Culture

VL a assisté à la Masterclass du PALMASHOW !

Ce mercredi 03 avril, il fallait être au Théâtre des Béliers Parisiens, c’est ici que se tenait une masterclass très attendue avec le duo comique le plus célèbre de sa génération : Le Palmashow.

C’est une des écoles d’art dramatique les plus réputées de Paris (Cours Acquaviva – ateliers du Sudden) qui a pris l’initiative de réunir les deux comédiens Grégoire Ludig et David Marsais dans ce petit théâtre du 18ème arrondissement. Il est 10h du matin, devant une assemblée d’étudiants impatients, arrivent en toute décontraction le duo inséparable du Palmashow, prêt à répondre à toutes les questions. Après une introduction enthousiaste, monsieur Raymond Acquaviva, professeur de théâtre et président de l’école, nous parle de son ancien élève Grégoire Ludig, un étudiant sage et loin de l’image comique que l’on peut lui prêter aujourd’hui.

Pourtant Grégoire était déjà bien déterminé à vivre de sa passion et à faire des sketchs, il a en effet commencé à en écrire à l’âge de 16 ans avec son pote de toujours David.
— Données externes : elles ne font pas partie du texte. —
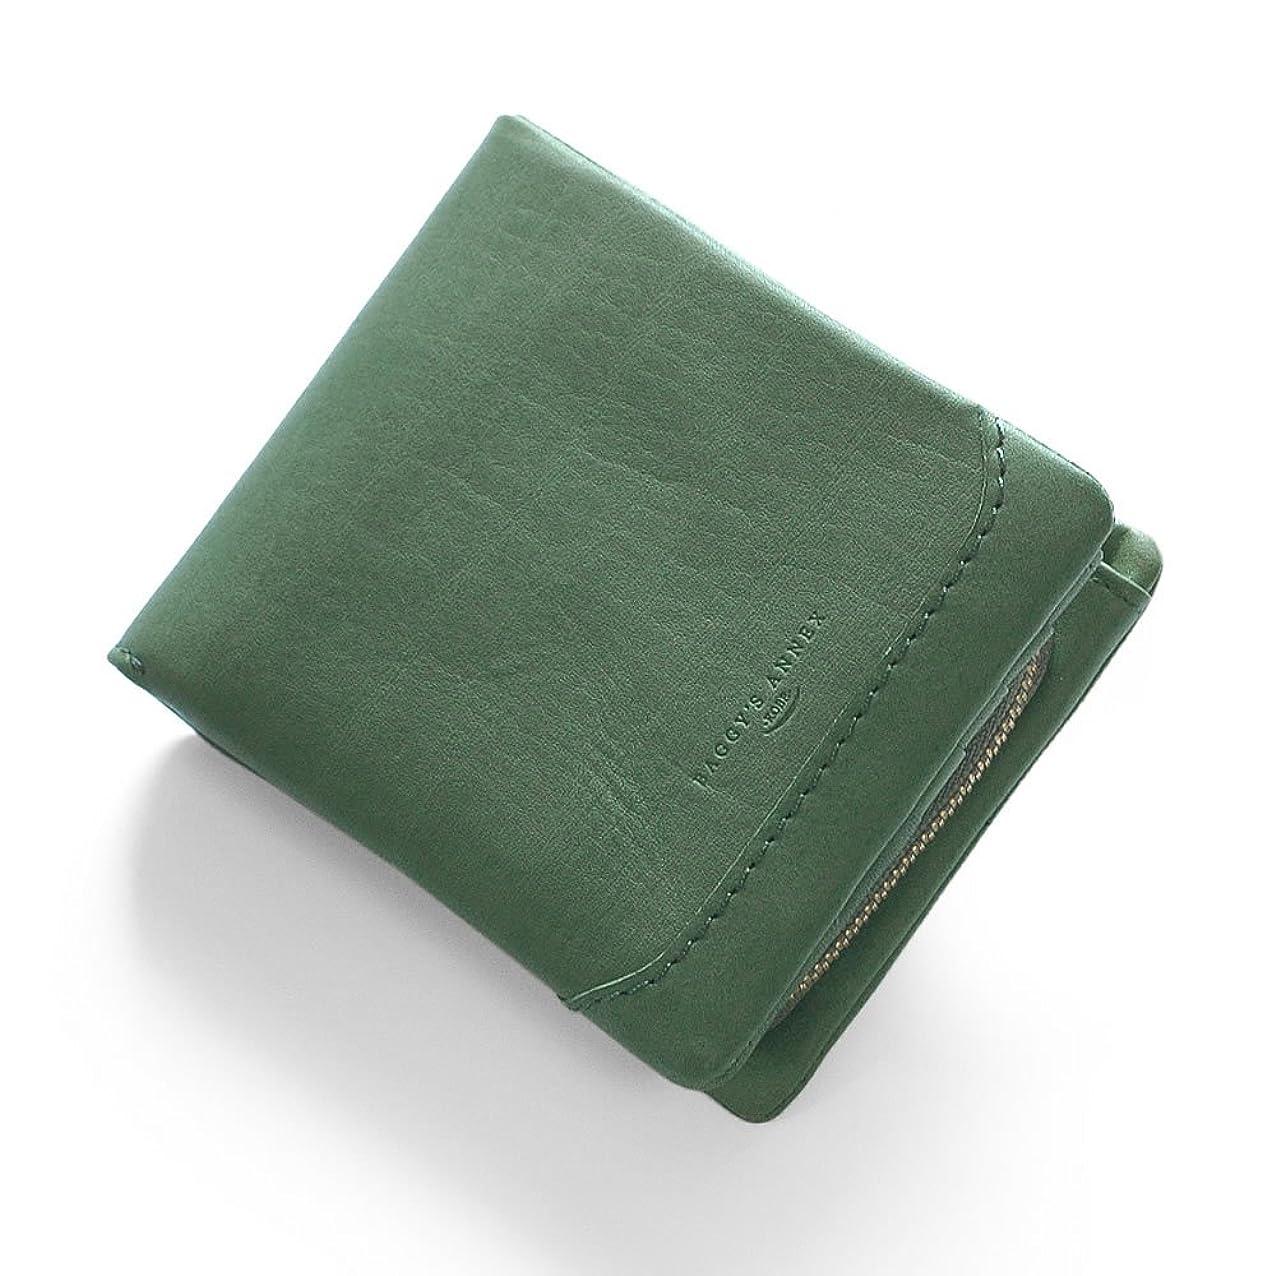 王族氷校長バギーポート BAGGY PORT 二つ折り財布 ダブルオイルシリーズ LZYS-9003 メンズ

Choix étonnant, ils décident de se séparer volontairement pour faire 2 écoles de théâtre différentes. Pendant ce temps, ils enchaînent les petits boulots (station essence, Toysrus, McDo, standardiste…), ce qui va leur permettre de réinvestir ce qu’ils gagnent dans la production de leurs sketchs, des sketchs « pourris » selon eux mais qui sont devenus avec le recul, très sentimentaux aujourd’hui. En parallèle des cours, ils écrivent leurs sketchs en banlieue parisienne, dans la fameuse Zone 5 (« zone molle » selon Grégoire, ils allaient tourner leurs sketchs dans la forêt) et se lancent sur Youtube en 2008.
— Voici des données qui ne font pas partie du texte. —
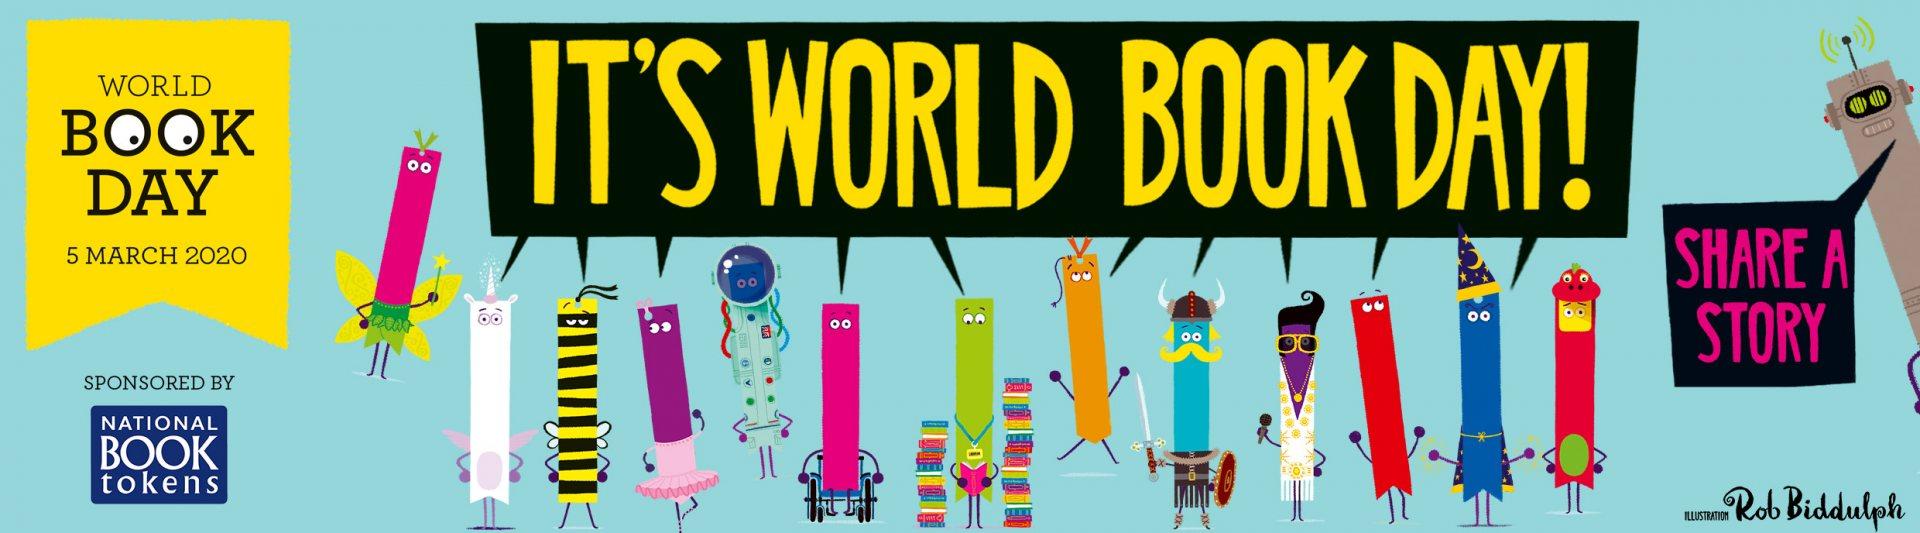 World Book Day 2020

Grégoire Ludig a commencé dans un groupe de rap du nom de « Palmares », devenu ensuite le palmashow (donc rien à voir avec Pierre Palmade comme ils aiment le rappeler, celui-ci ayant d’ailleurs intenté un procès au duo trouvant que leur nom se rapprochait trop du sien, une histoire qui s’est finalement bien terminée selon eux). C’est donc avec ce pseudo qu’ils vont ensuite se faire repérer après, il faut bien le dire, des années de galère. D’une motivation à toute épreuve, ils n’hésitent pas à frapper aux portes des producteurs et des chaînes de télé, font des castings de pub, de la figuration…malheureusement beaucoup de désillusions pour les deux comédiens qui « n’avaient pas prévu de plan B » tellement ils avaient confiance en leur plan A, une confiance qui d’après eux est à opposer à la prétention.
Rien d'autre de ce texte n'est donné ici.